Closer to the ground, what is this as we leave the ‘Ultimate’ servo. Is that an old long wheel base Datsun? could be. See the generic photo of the yellow one below. bends a bit different. If this belongs to one of the attendants I spoke to, they are probably still debating the virgin diesel.

Curbside Classic: 1972-79 Datsun 620 Long Bed – The Long, The Short And The Ugly | Curbside Classic.
Ugly? Well they said it. I didn’t.

 

Freedom! Vote 1 United Australia Party?

Oh, please. Are you blatantly trying to capitalise on the current  hoo-ha of the chanting twats, or do you still have a weak spot for Braveheart and Mel Gibson? Freedom? It should be Freedumb!

Lots of trains here but …

… This one forgot it’s carriages.

… and this one isn’t even a train.

It’s a car with rail wheels.

Lot’s of places we would like to go and spend the day, …. like …

… the Raglan Tavern.

Let’s play, ‘Identify that moth.’ No Let’s not.

We stopped here for a coffee. The coffee was OK but the floor show was better. I don’t think the guy jack knifed at the bowser with the fifth wheeler had ever driven before. It took him three shots to get to this unworkable position. I guess it didn’t help with double trailers zigging and zagging around him. He ended up giving up and I saw him parked around the side in deep thought. He just needed a longer hose on the pump. About 20 metres would be ideal.

Now this guy should be happy he survived the operation. I am sure he must have had a lobotomy.

What makes me think that? Look carefully. He has crossed a double line to overtake me just 50 metres from an overtaking lane. If he had waited say, 15 seconds, I would have swung into the slow left lane and he could have sailed straight past me without even turning the steering wheel. He is a major BDM. (Brain Dead Moron)

Now, to Miriam Vale. A lovely little, old, neat, appealing town. It has a free camp with a dump point and a short (3 minute) walk to a public toilet.

Then we spot this through a window in a little arcade.

This nice young girl has just opened her Manicure, Pedicure business with a big foot spa chair as per the two Anne had in Dili. Good on her. Go for it!

Thinking of joining?

Tranquillity walk?  Next to us? Us? Tranquil?

By the way. Spelling? I thought it was only one L but I get corrected to two ‘L’s’. Is that the US spell check or what?

Road work you would not believe.

SO we are supposed to be avoiding fatigue by trivia questions answered a km or two later on.
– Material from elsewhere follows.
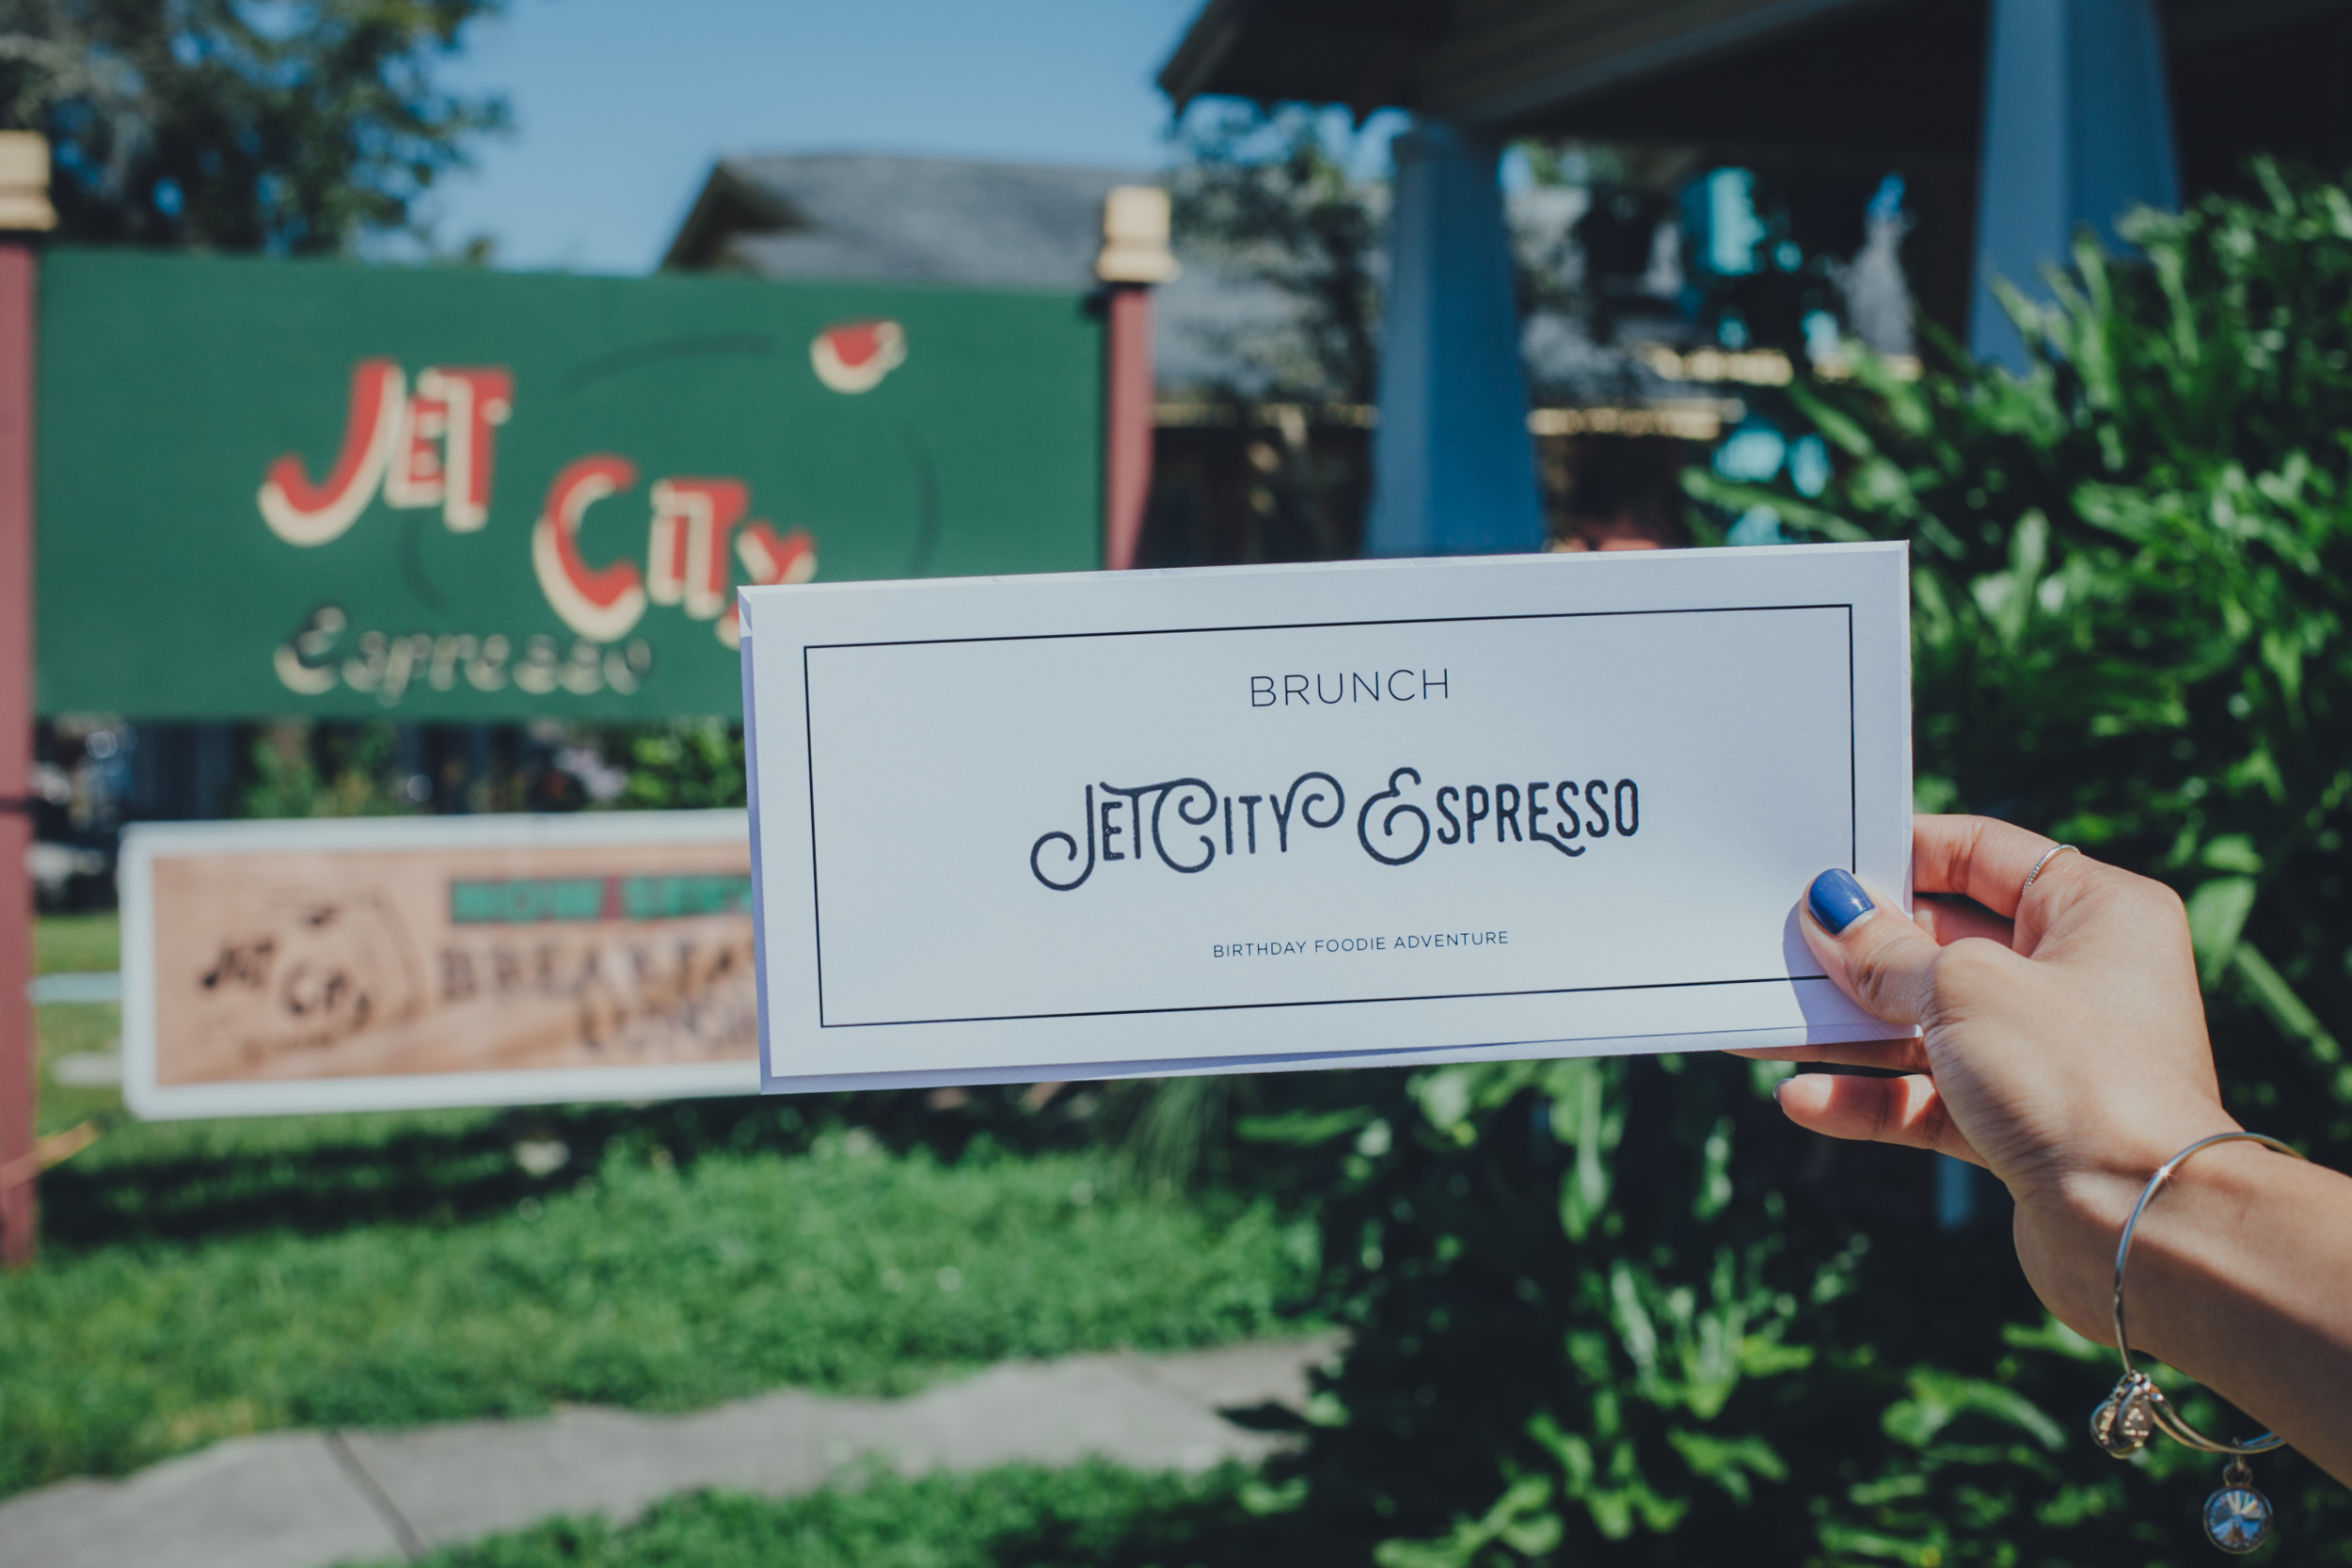 This Jenn Girl - Jet City Espresso 1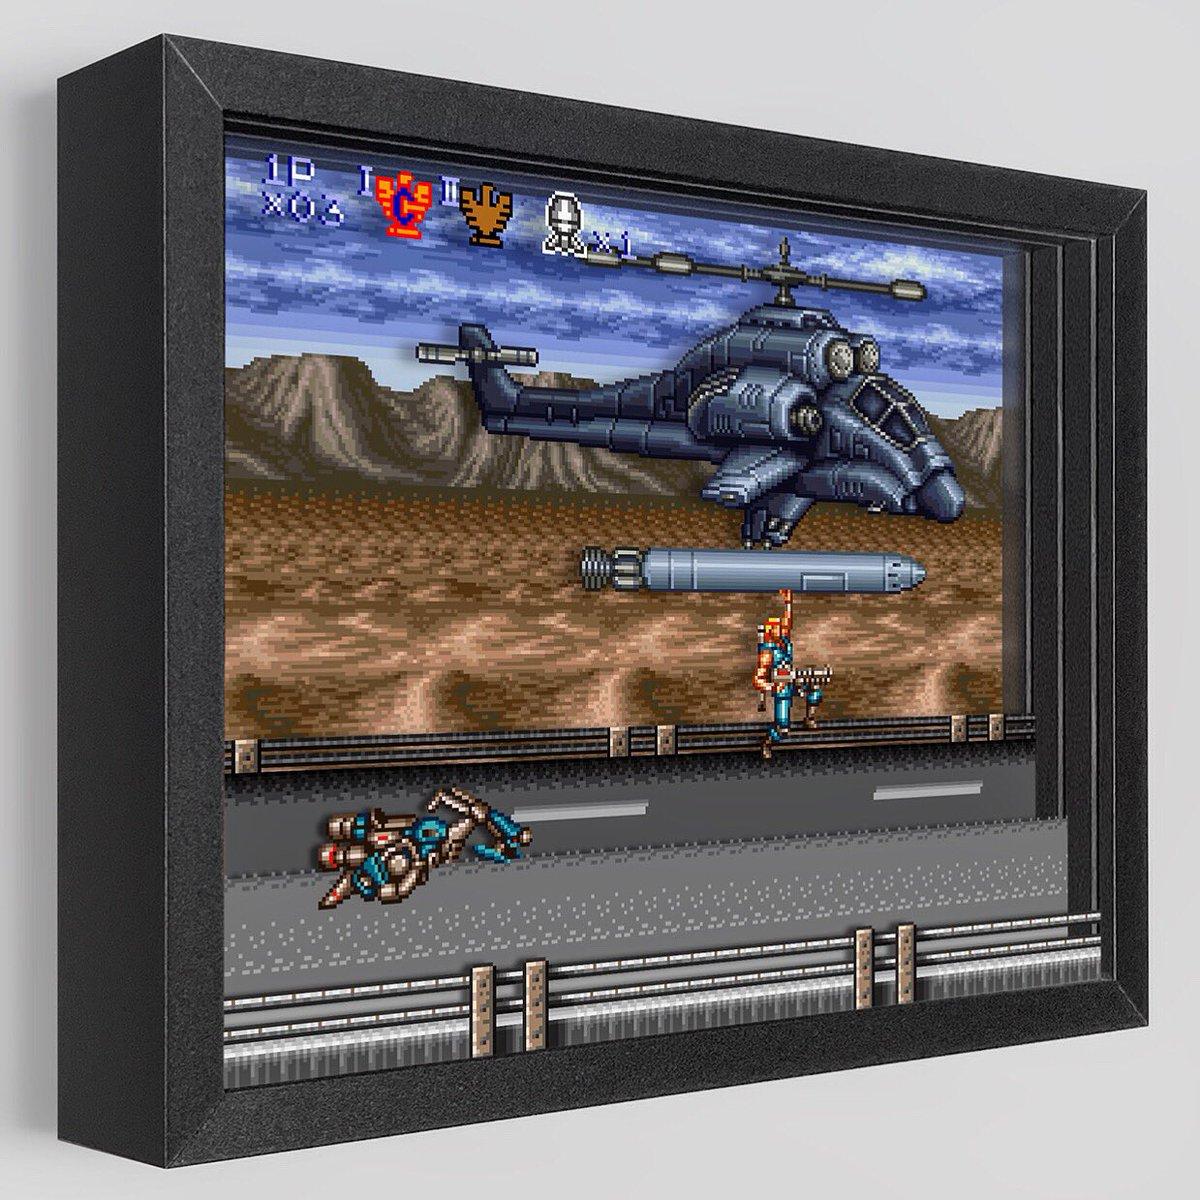 Ready for a Missile Ride? https://t.co/mI9bgyPr90  @konami #art #artwork #desktop #konami #contra #contraiii #alien #alienwars #snes #nintendo #nintendolife #game #gamer #gamerguy #gamergirls #gameboy #invasion #invader #new #official #redfalcon #helicopter #missile #ride https://t.co/Gn7oQn7spq

Cake named after Governor?

Lamington. (?) N.B.  The Lamington, Australia’s famed dessert, was actually invented in New Zealand and originally named a “Wellington”, according to new research published by the University of Auckland. … Historians had believed the Lamington was named after Lord Lamington who served as governor of Queensland between 1896-1901.

Bert Hinkler? N.B. Where was Bert Hinkler born. Bundaberg Central.

The GPS takes us on a merry jaunt through the countryside.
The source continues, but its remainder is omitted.